Project Reviews: Effectively Managing Risk and Reward

By Graham Oakes | 20 Jan 2014

Sometimes projects fail and most of the time these failures are completely avoidable. Manage the risk with a stringed project review process, writes Graham Oakes.

Digital service development is about risk. We take on market, design and technical risk in order to gain rewards – better conversion rates, increased sales, new products, etc.

Sometimes the risks win. We misread the market, fall short with our designs, fail to get on top of the technology, get beaten by the competition. And so our projects fail.

All too often, these failures happen for entirely manageable reasons: ill-defined scope, poor communications, bad stakeholder management, or ill-judged estimates and deadlines. Perhaps the project management literature has been flagging such risks for decades. By and large, we know how to mitigate these things – we just don’t do it.

That’s our real failure – we fail to identify and manage these basic risks.

Why? Our projects are complex. There’s a lot going on – the team, the technology, internal politics, a rapidly shifting market. Many project managers get overwhelmed. It’s easy for them to overlook emerging risks until it’s too late.

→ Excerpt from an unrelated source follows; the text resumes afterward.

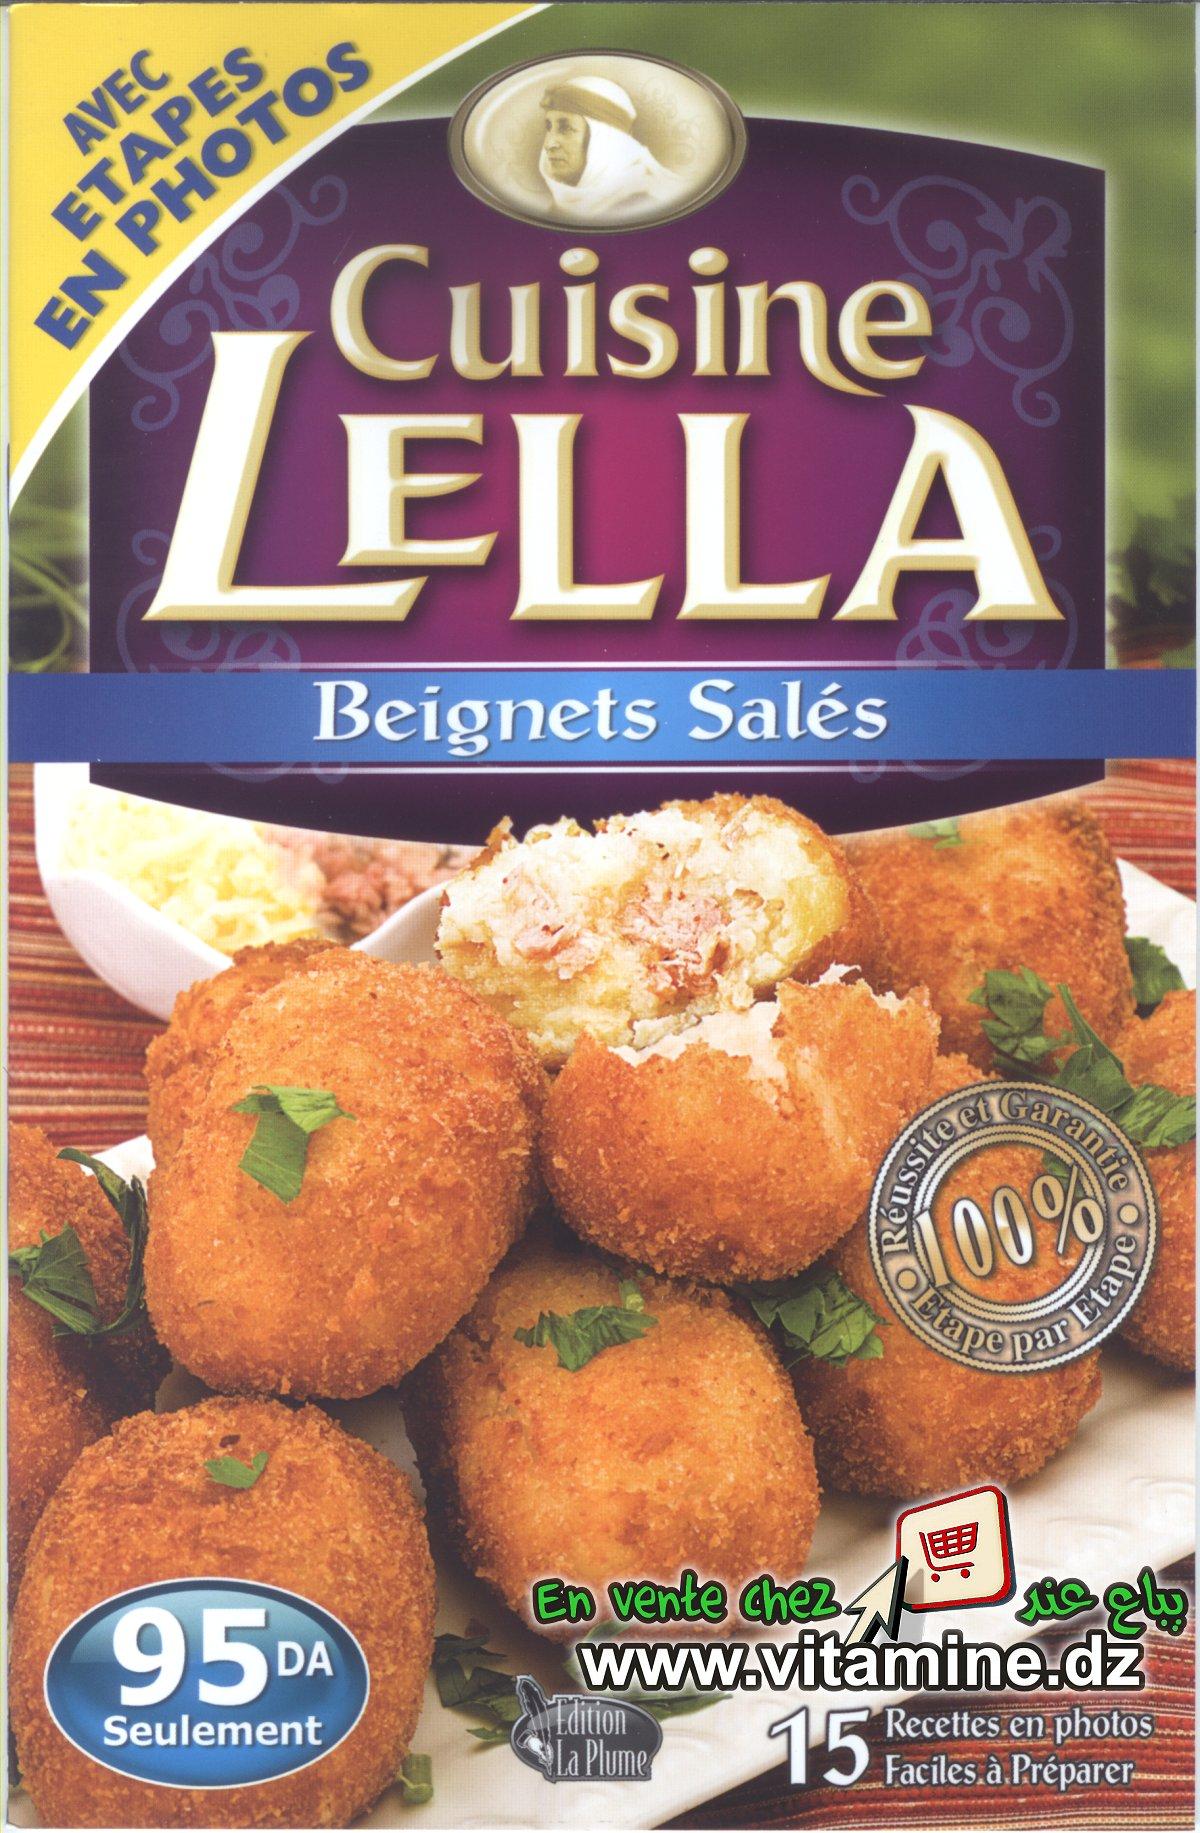 Cuisine Lella - Beignets salés

Project reviews can help manage this. They provide external perspective, helping project managers get a better feel for what’s going on within their project. Reviews help spot risks before they blow up and become unmanageable.

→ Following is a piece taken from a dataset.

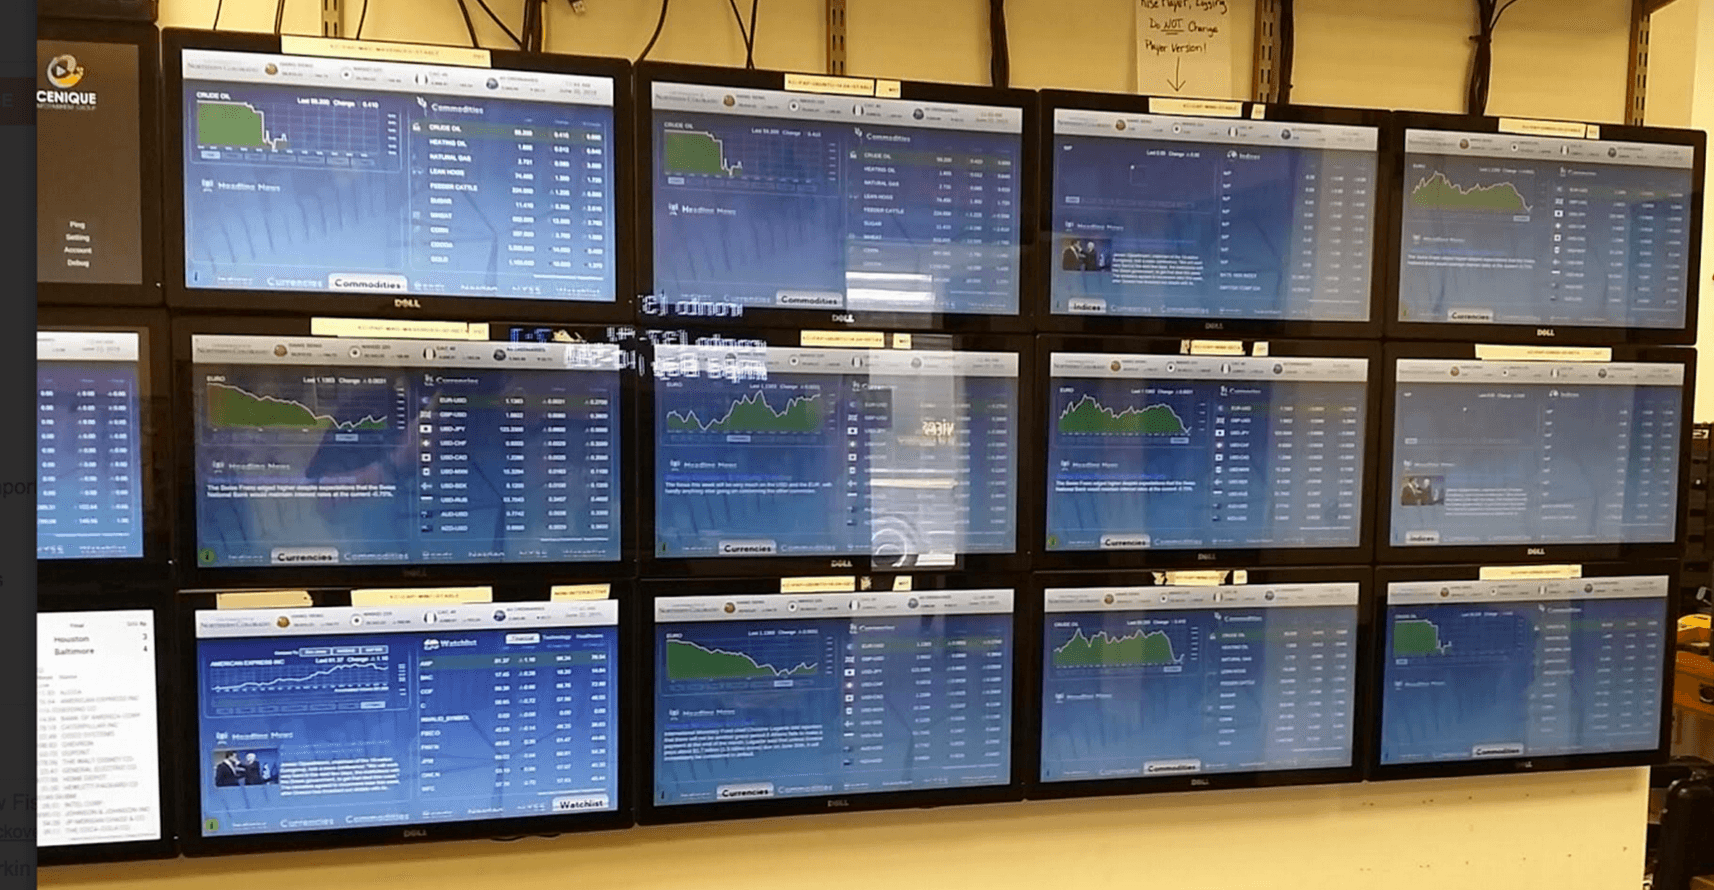 testing uptime wall

Likewise, reviews help executives understand what’s really happening within the organisation. Given clear insight into project status, they’re able to reallocate resources, adjust budgets and deadlines, redefine objectives, in response to changing circumstances.

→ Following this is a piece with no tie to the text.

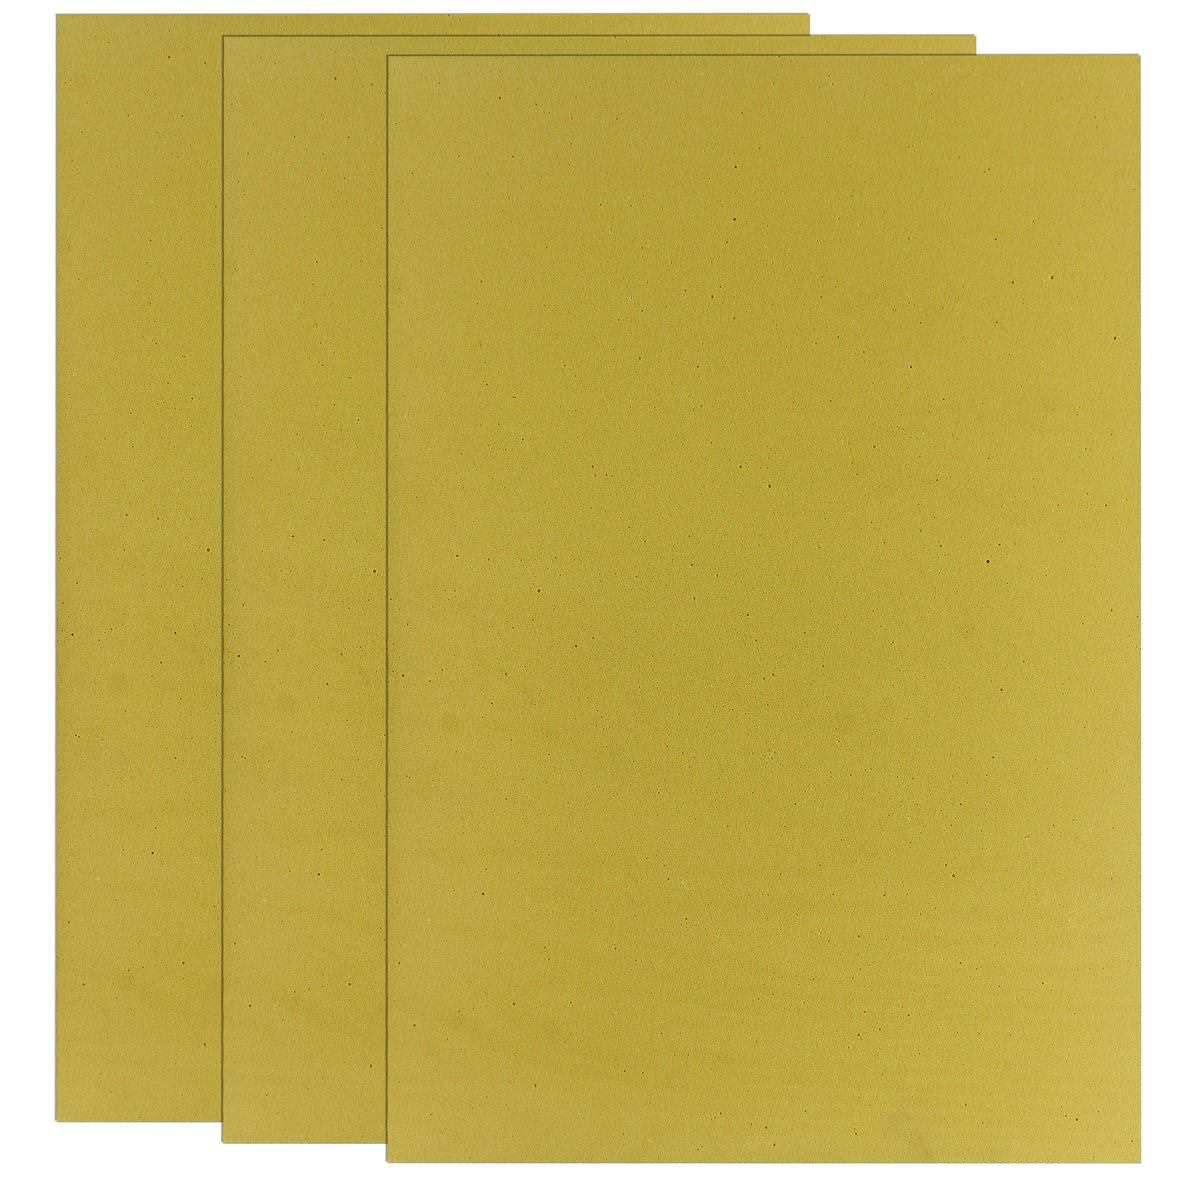 Foam Sheets A4 Size Without Sticker 3MM Khaki

How can you make this happen? Here are nine factors behind effective project reviews:

  1. Reviews are the norm. If you only review troubled projects, project managers will resist reviews – no-one wants to admit their project is in trouble. And unscheduled reviews create a lot of overheads. Make reviews normal, and you avoid overheads and resistance.
  2. Reviews fit the project. Review teams can operate in different ways – drilling deep via structured “gateway reviews”, monitoring trends via regular, lightweight peer reviews. They can bring different types of expertise to bear. Design a review programme that fits the project’s needs and circumstances.
  3. Clear objectives. A review can’t cover every aspect of a project in depth. If you want to go deep, you need to focus. If you want broad coverage, it’ll be shallow. Consider T-shaped reviews – a shallow pass to identify risks, then a deep dive into the top two or three. Whichever way you do things, ensure everyone understands the objectives.
  4. Minimal overheads. Project teams don’t have spare capacity to create special artefacts for reviewers. Review teams need to work from existing project documents, information radiators, etc. And they need to manage interviews and suchlike carefully, to keep the overheads down.
  5. Evidence. Opinions are cheap. Real value comes when you unravel all the different opinions and identify what is really going on. An effective review gathers solid evidence to back its assessment. This ensures its findings will be accepted, and helps people take action to mitigate the risks it uncovers.
  6. Manage logistics. Reviews require a lot of logistics – setting up security passes, scheduling meetings, booking rooms, getting access to repositories. If you don’t manage this, the review will get bogged down before it’s begun.
  7. Actionable findings. If people ignore the findings, the review was a waste of time and effort. Review teams need to ensure their findings are well argued, with a clear chain of evidence, and a clear link to actions that will demonstrably mitigate the risks.
  8. Feedback. Reviewers operate under a lot of time pressure. They need to rapidly get up to speed with complex projects. They’ll make mistakes too. Build in feedback mechanisms to help them learn from experience and hence minimise these mistakes.
  9. Organisational learning. Look for common themes and trends within review findings – reviews often highlight organisational issues that affect multiple projects. And once they’ve identified such issues, review teams are well placed to spread the knowledge more widely as they touch each project.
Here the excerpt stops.